Air quality: The European Union says long-term exposure to fine particulate matter and NOx pollution from road traffic was responsible for more than 70,000 premature deaths in 2018, with 300,000 deaths from all air pollution. Road transport accounted for 39% of harmful NOx emissions that year, the EU says.

The inhabitants of the cities: Many who do not own cars are particularly affected, as road transport accounts for 47% of NOx emissions in cities. Reducing such pollutants could save thousands of lives in the future. In 2035, the EU says, Euro 7 regulations will reduce NOx emissions from passenger cars and vans by 35% and by 56% for buses and vans. Brake particulate matter will be reduced by 27 per cent.

The emission control industry: AECC, the trade group lobbying on behalf of companies such as Johnson Matthey, NGK and Vitesco that produce catalytic converters and filters, had called for an "ambitious" Euro 7 proposal. It didn't necessarily get it, but any tightening of pollution regulations means more content per vehicle for its members. The official reaction from the AECC is that it "welcomed" the Euro 7 proposal and, predictably, pressed the European Parliament and Council to adopt the rules as soon as possible.

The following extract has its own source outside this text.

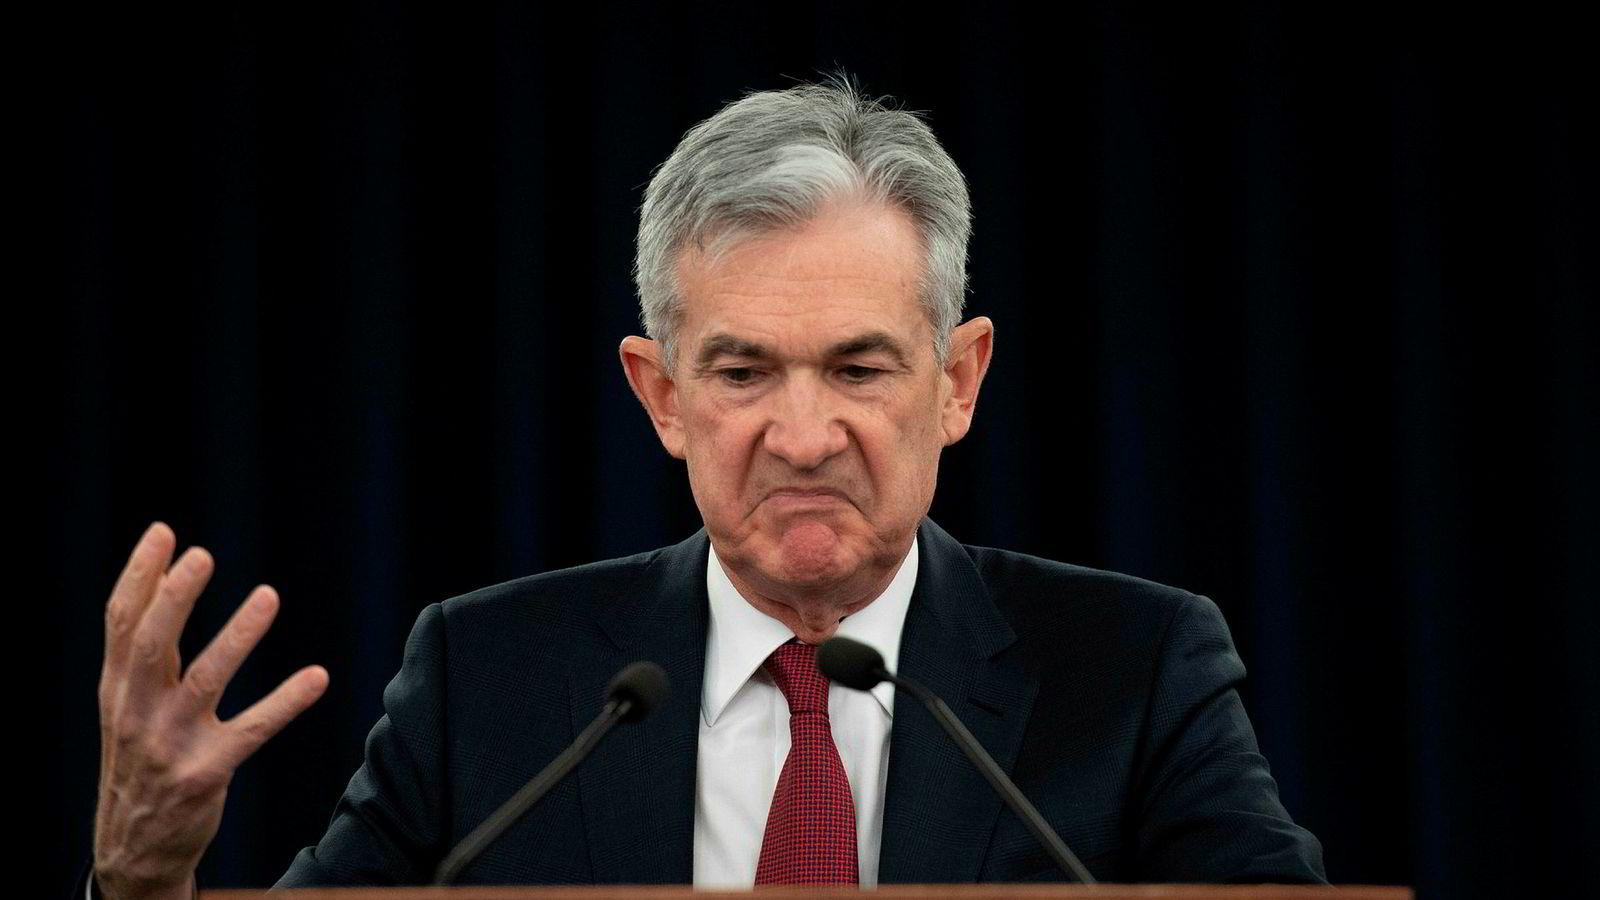 USAs sentralbank Jerome Powell har i 2018 hevet renten like mange ganger som han viser med fingrene.

In the long term, however, an effective EU ban on internal combustion engines after 2035 will mean that the revenues of these companies in Europe will fall sharply.

Brake and tyre suppliers: A central promise of Euro 7 is that it will set limits on particulate matter from brakes and tyres, meaning that companies such as Brembo and Michelin will be able to market new technologies at what will almost certainly be higher costs to their customers. Brembo, for example, says its Greentive brake disc, when combined with a special friction material for pads, can reduce particulate emissions by 50%. It is worth noting that brake dust limits for vehicles of 3.5 tonnes or less are set at 7 mg/km by 2035 and 3 mg/km thereafter. However, emission limits for tyres have not yet been set.

Subversion

European car manufacturers: At first glance, any regulation that increases costs and requires the development and certification of new technologies seems like a loss for the automotive industry. But only diesel vehicles, a market already in steep decline, face particularly tough emissions standards, so in general it could be much worse. And automakers are simplifying their offerings for internal combustion engines and reducing or eliminating R&D budgets as electric vehicles take an increasing share.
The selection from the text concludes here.